■ DESCRIPTION OF THE TASK ■
Skip the pictures. Transcribe the rest of the data below without changing a word.

■ SUPPLIED INFORMATION ■
★ ★ ★ ★ ★ ★ ★

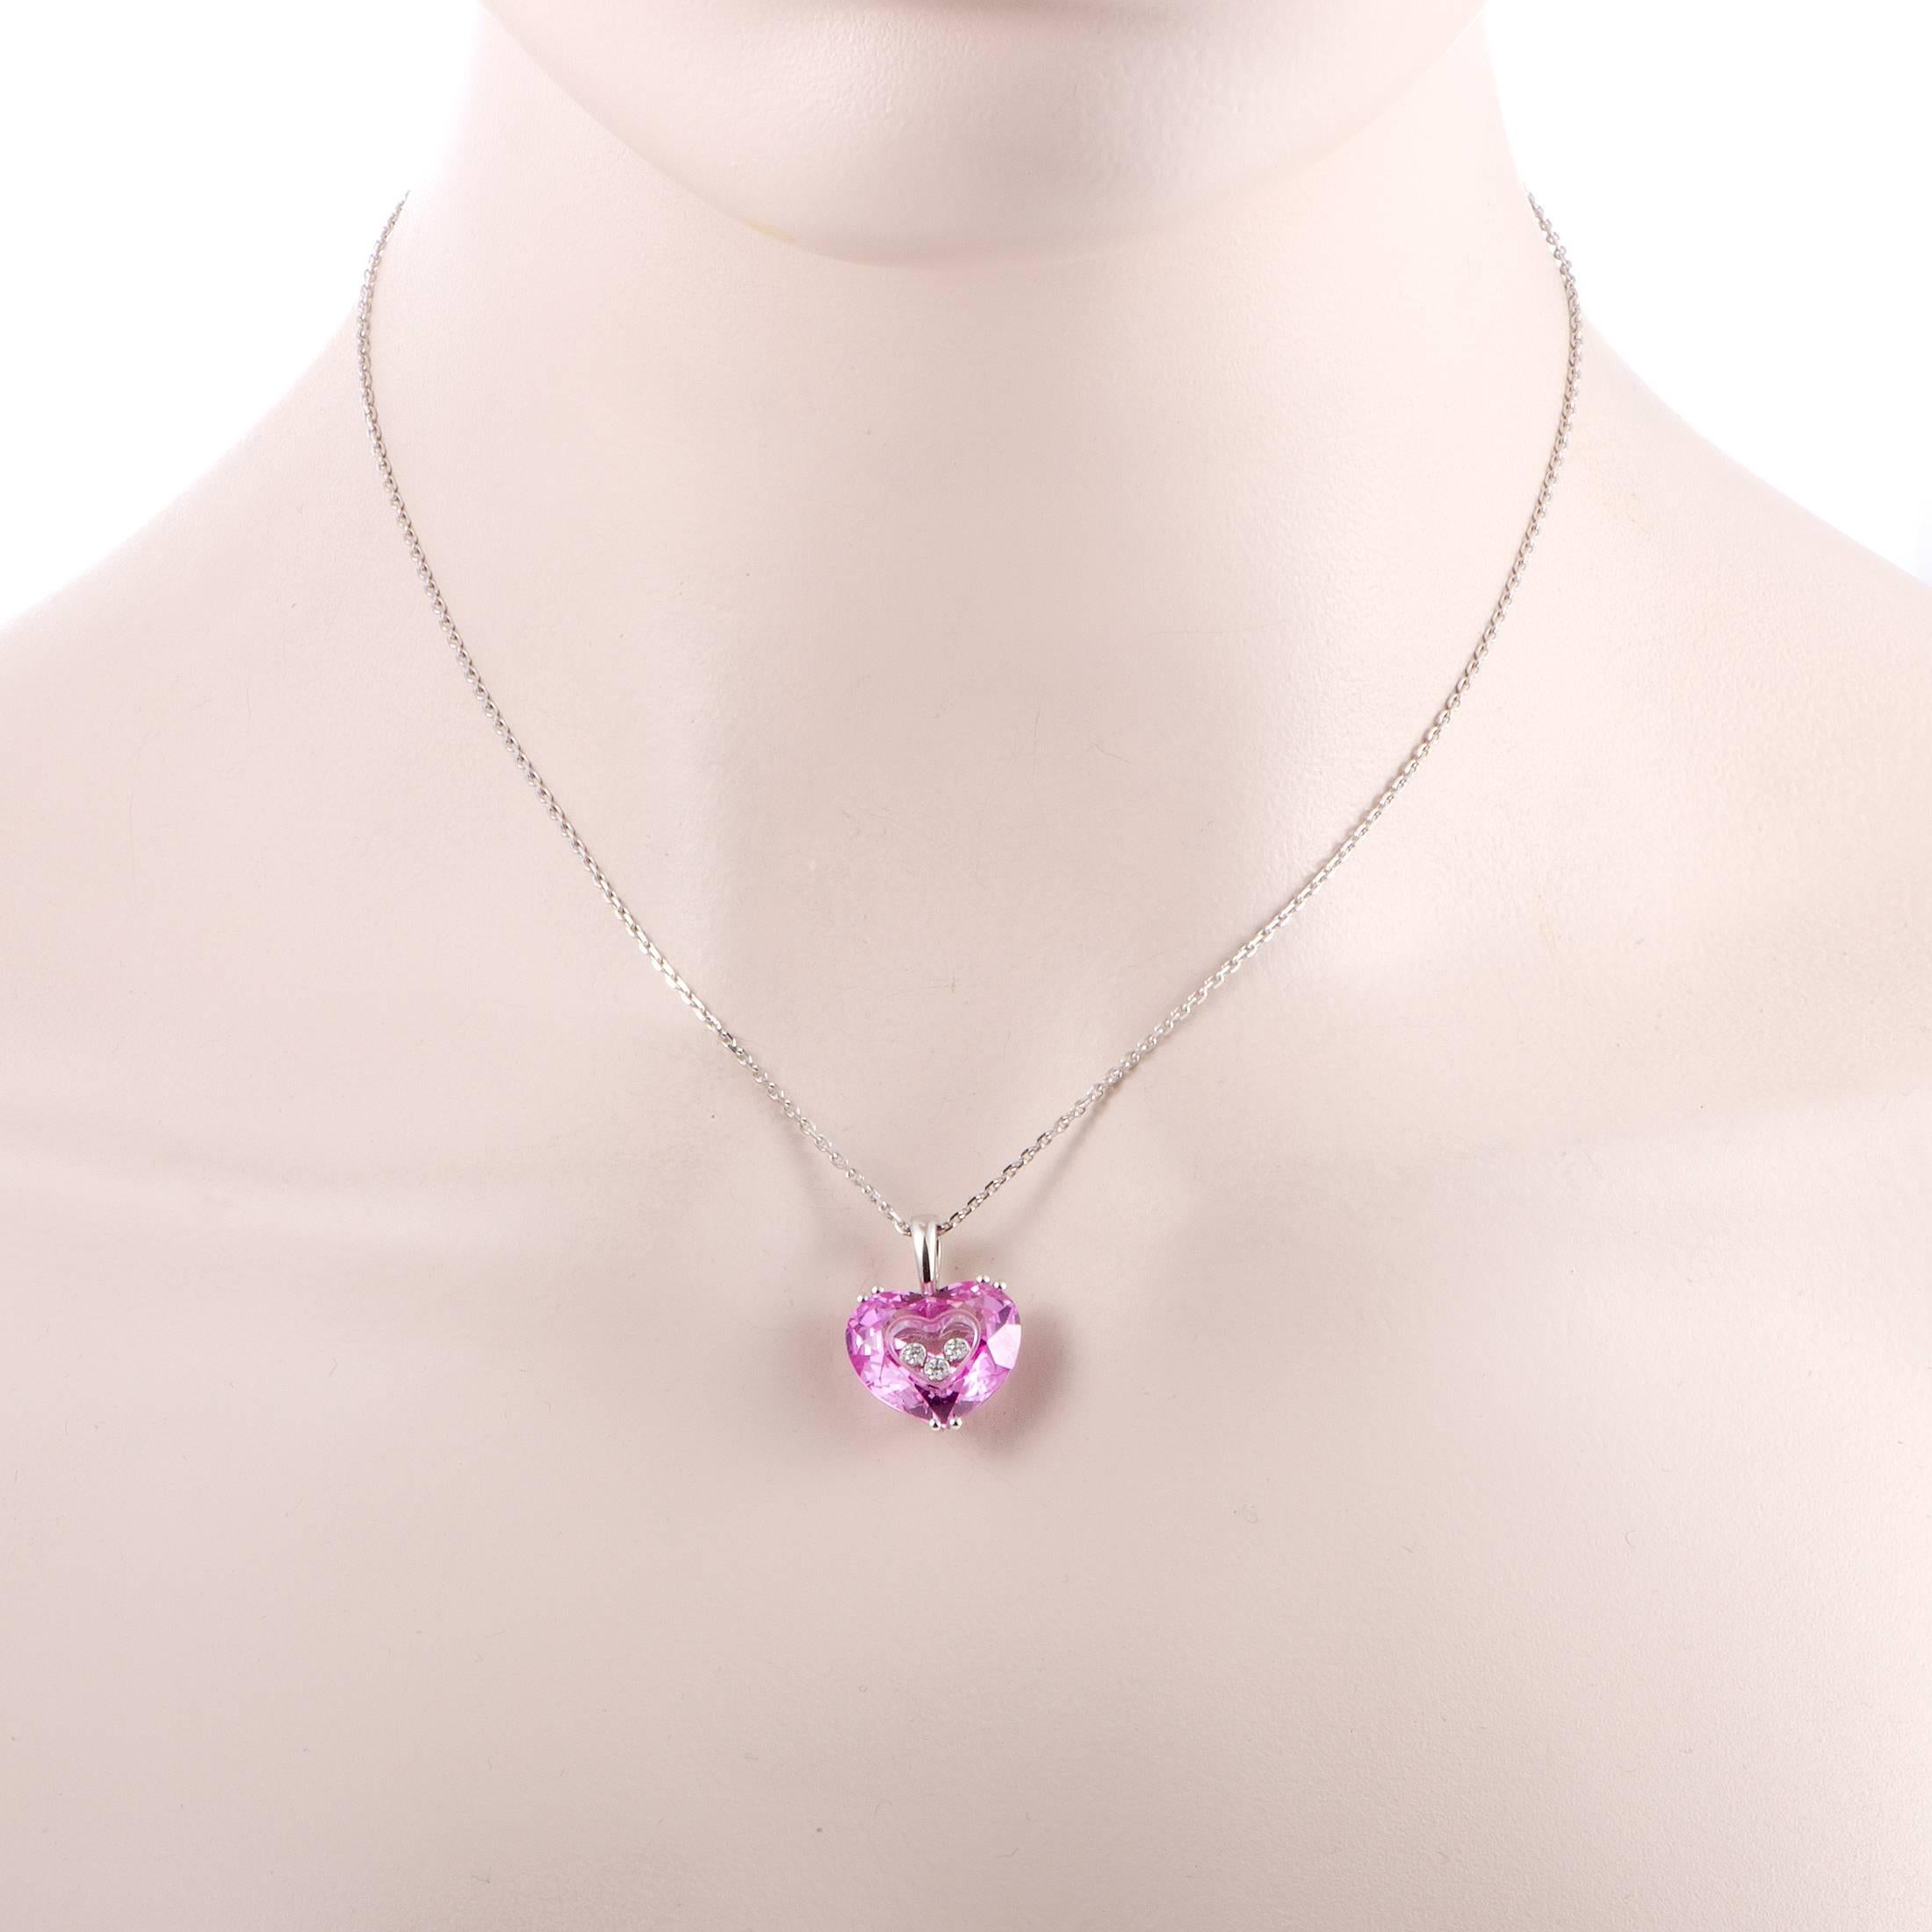 Combining an alluring heart pendant made of gorgeous pink crystal with the brand’s iconic floating diamonds, this remarkable necklace designed by Chopard boasts enchanting feminine appeal. The necklace is made of prestigious 18K white gold and
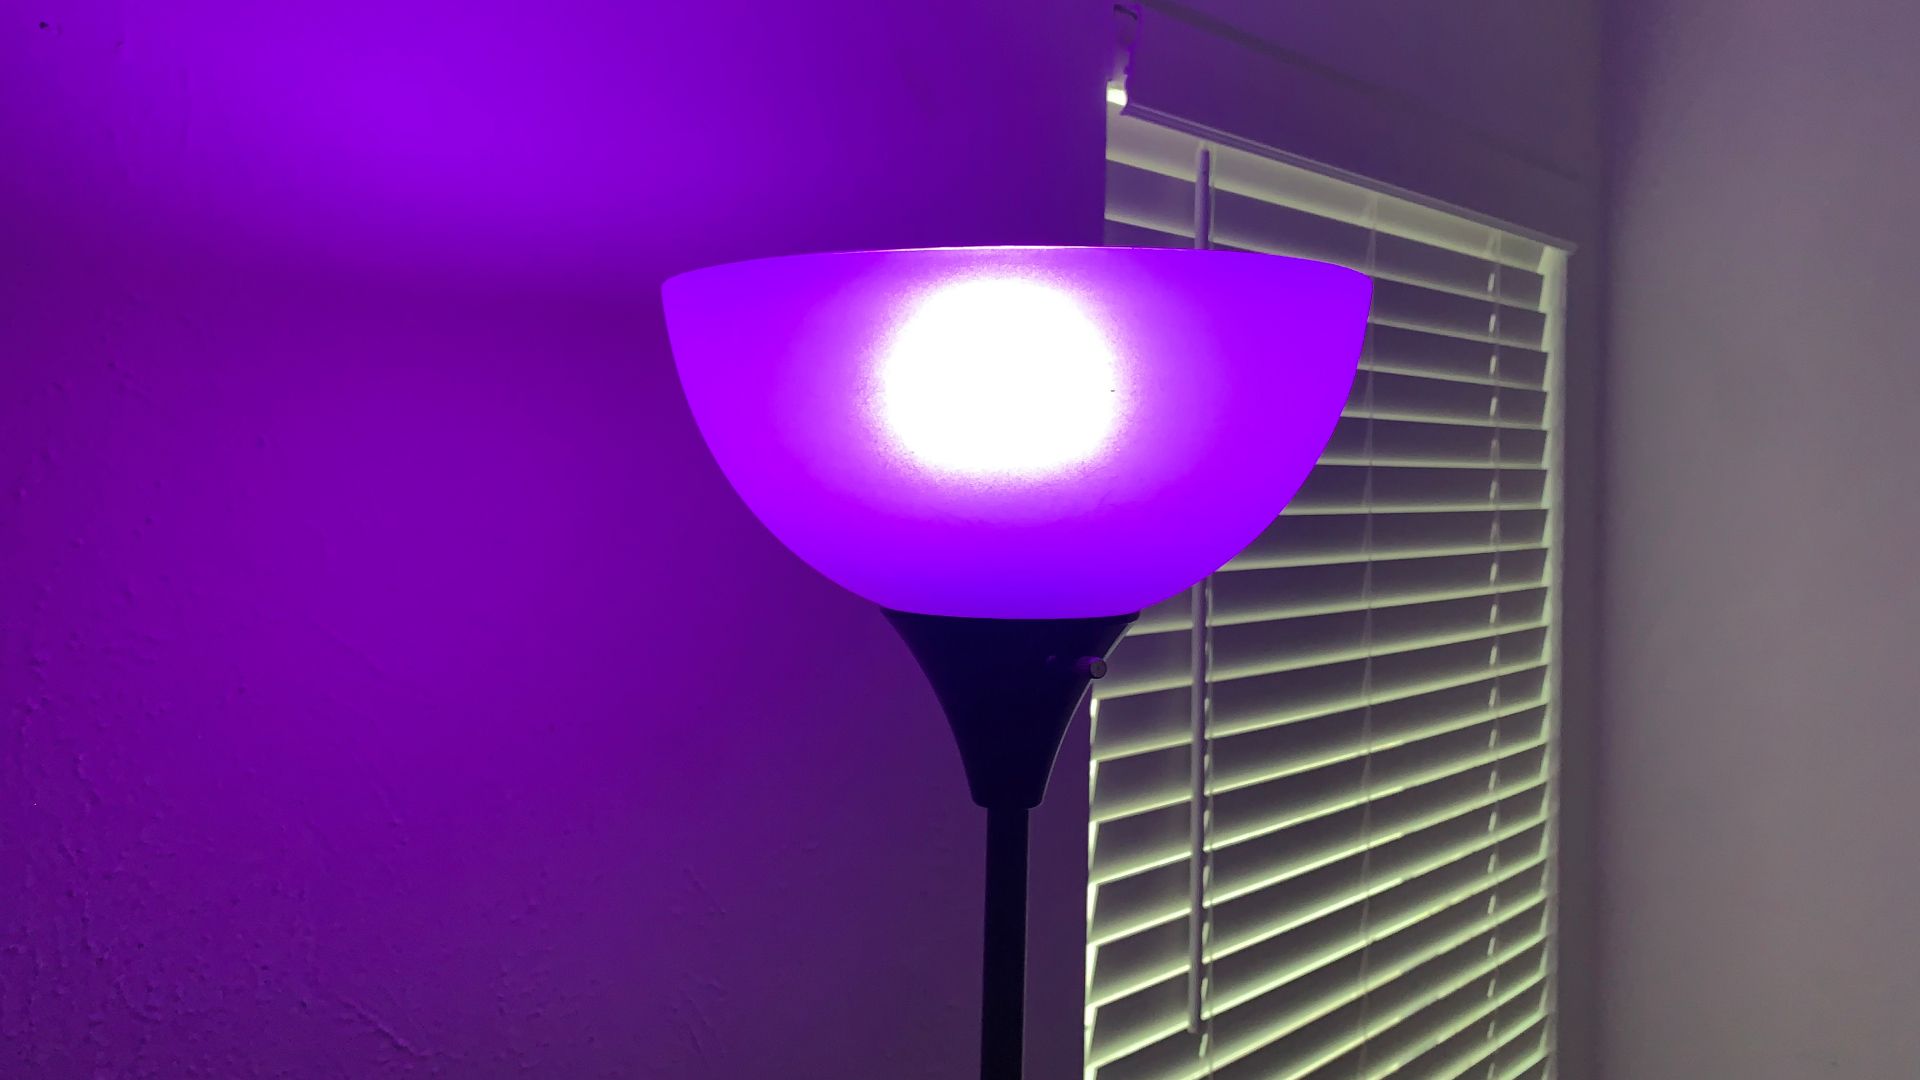 Cync Full Color reveal HD+ Smart Bulb in lamp next to window
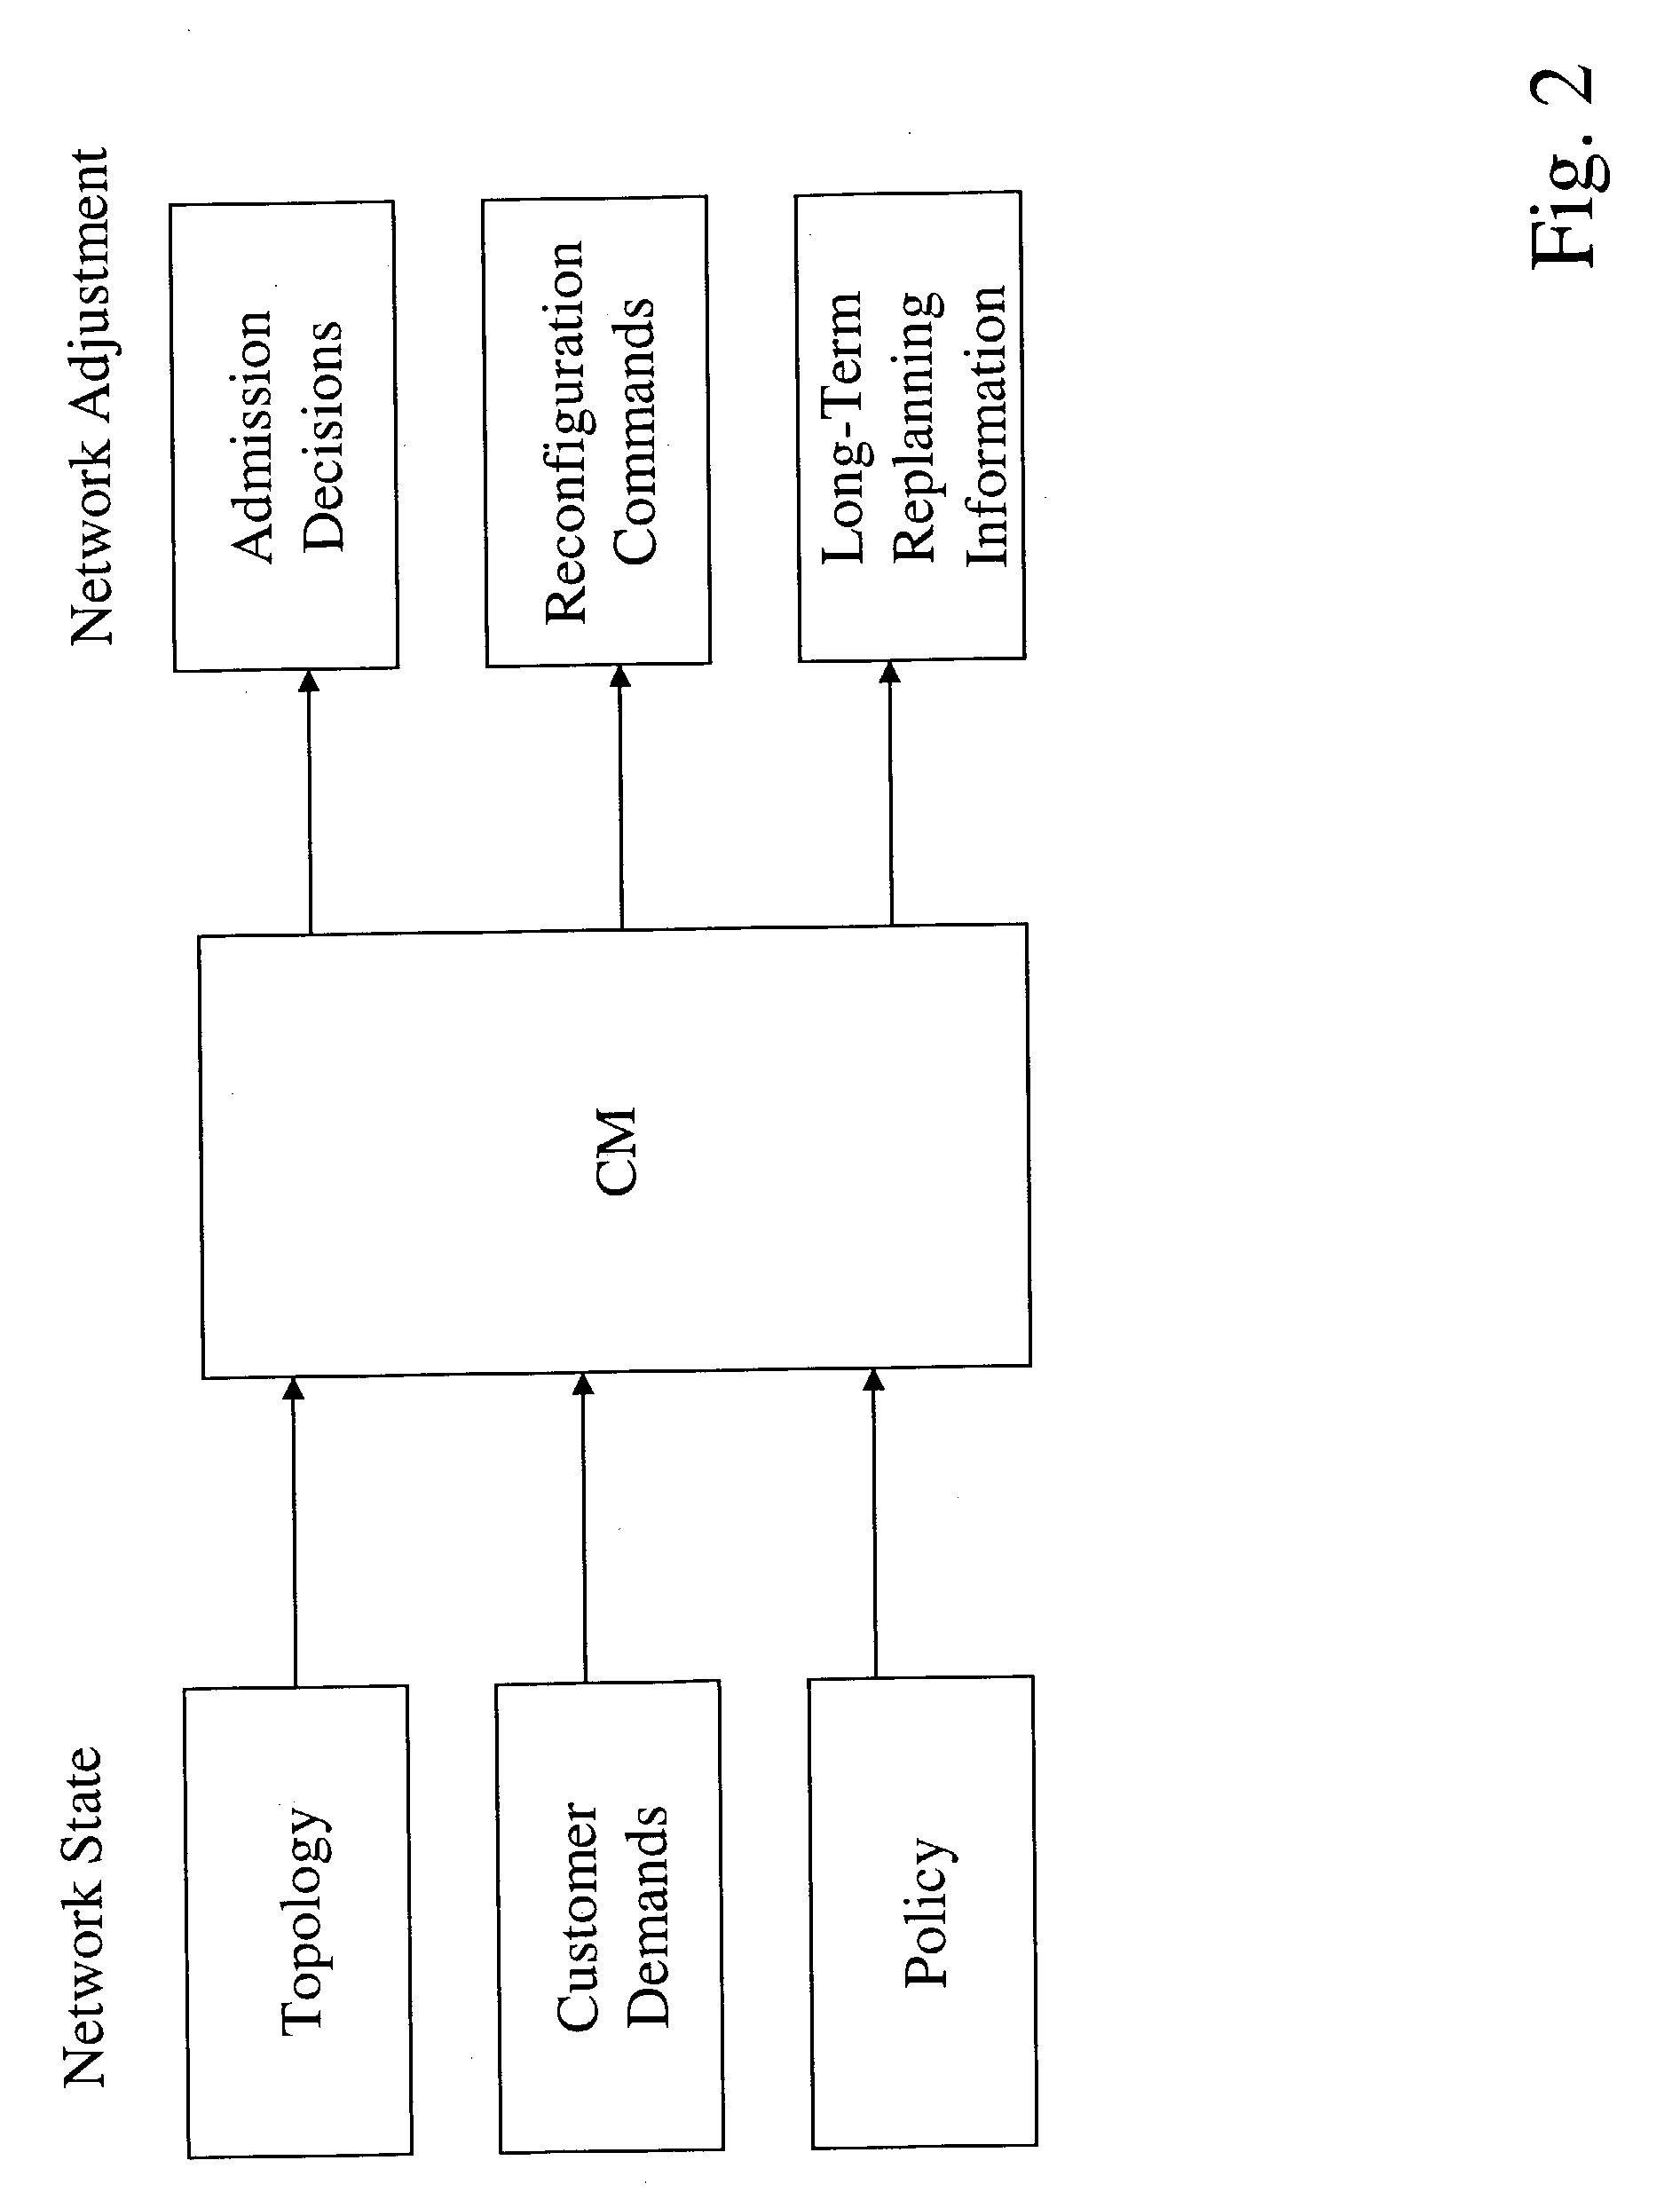 Methods and apparatus for controlling multi-layer communications networks

★ ★ ★ ★ ★ ★ ★

■ SOLUTION TO THE PROBLEM ■
 Combining an alluring heart pendant made of gorgeous pink crystal with the brand’s iconic floating diamonds, this remarkable necklace designed by Chopard boasts enchanting feminine appeal. The necklace is made of prestigious 18K white gold and
 Cync Full Color reveal HD+ Smart Bulb in lamp next to window
 Methods and apparatus for controlling multi-layer communications networks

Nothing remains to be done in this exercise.